On Friday, Turner pleaded guilty to the lesser offense of battery, allowing him to avoid having to register as a sex offender. “Circuit Judge Markley Dennis sentenced him under the Young Offenders Act to a maximum sentence of six years, suspended to five years of probation. The probationary period cannot be shortened,” The Times and the Democrat reports.

“It’s like when you walk into a convenience store and rob it at gunpoint, but then you’re accused of stealing a candy bar,” Bess said.

It’s almost as if America doesn’t want white men to go to jail. I mean America surely knows that white men commit crimes, but they are less likely to serve time in prison for their misdemeanors. I know. Seems like I’m basing my entire position on guesswork and hyperbole, so let’s look at the stats. According to a study carried out by The color of justice, “Black Americans are incarcerated in state prisons at nearly 5 times the rate of white Americans.” And, more importantly, “In 12 states, more than half of the prison population is black: Alabama, Delaware, Georgia, Illinois, Louisiana, Maryland, Michigan, Mississippi, New Jersey, North Carolina, South Carolina and Virginia “.

And if you want to argue that Turner was a teenager when he allegedly sexually assaulted, let’s look at those numbers as well.
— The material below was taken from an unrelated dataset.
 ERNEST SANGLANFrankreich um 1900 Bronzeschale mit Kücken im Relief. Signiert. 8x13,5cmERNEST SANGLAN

“Black youth are more than four times more likely to be detained or committed to juvenile facilities than their white peers, according to national data collected in October 2019 and recently released. In 2015, the incarceration rate for black youth was 5.0 times higher than that of their white peers,” according to a study by the Sentencing Project.

“Forty-one percent of youth in care are black, even though black Americans make up only 15 percent of all youth in the United States. Black youths are more likely to be in custody than white youths in all but one state: Hawaii. »
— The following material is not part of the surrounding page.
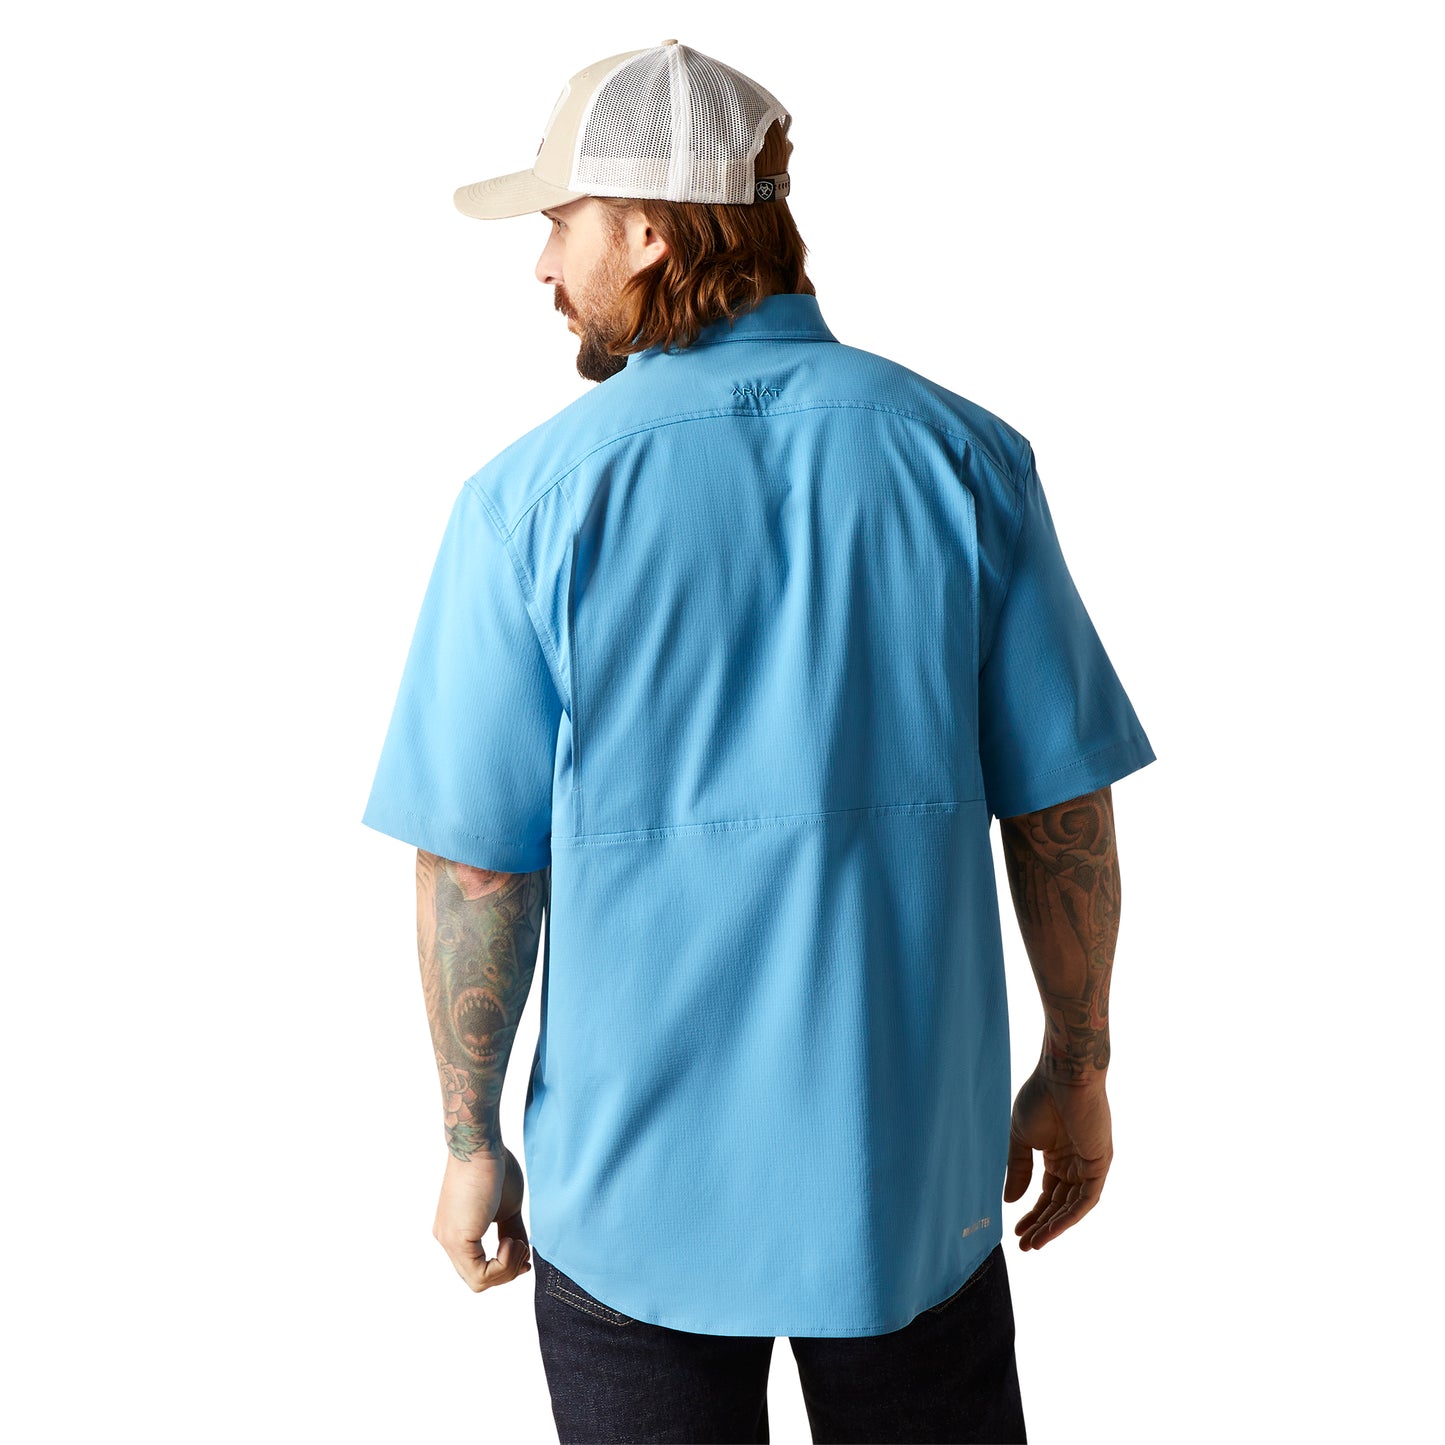 VentTEK Classic Fit Shirt-Cendre Blue

Throughout the time I worked on this piece, I kept trying to figure out when Bowen Turner attended Stanford and when he joined the Stanford swim team. And then it occurred to me that I thought of Brock Turner, another white man charged with sexual assault who served about three months in prison even after two college students found him on top of an unconscious woman and held him there until the police arrived. The judge felt that a longer sentence would have had a “serious impact” on Turner. Brock Turner and Bowen Turner are not related. I just have a bad memory of white men escaping jail for horrible crimes.

“I believe in my heart that there is a good possibility that things would be different if things were done the way they were meant to be – if justice was served the way it was meant to be,” Tabatabai said.

I don’t know how to tell Tabatabai that justice has been served. The justice system did exactly what it was designed to do.

CORRECTION: An earlier version of this story incorrectly identified Karl Stoller as Turner’s father.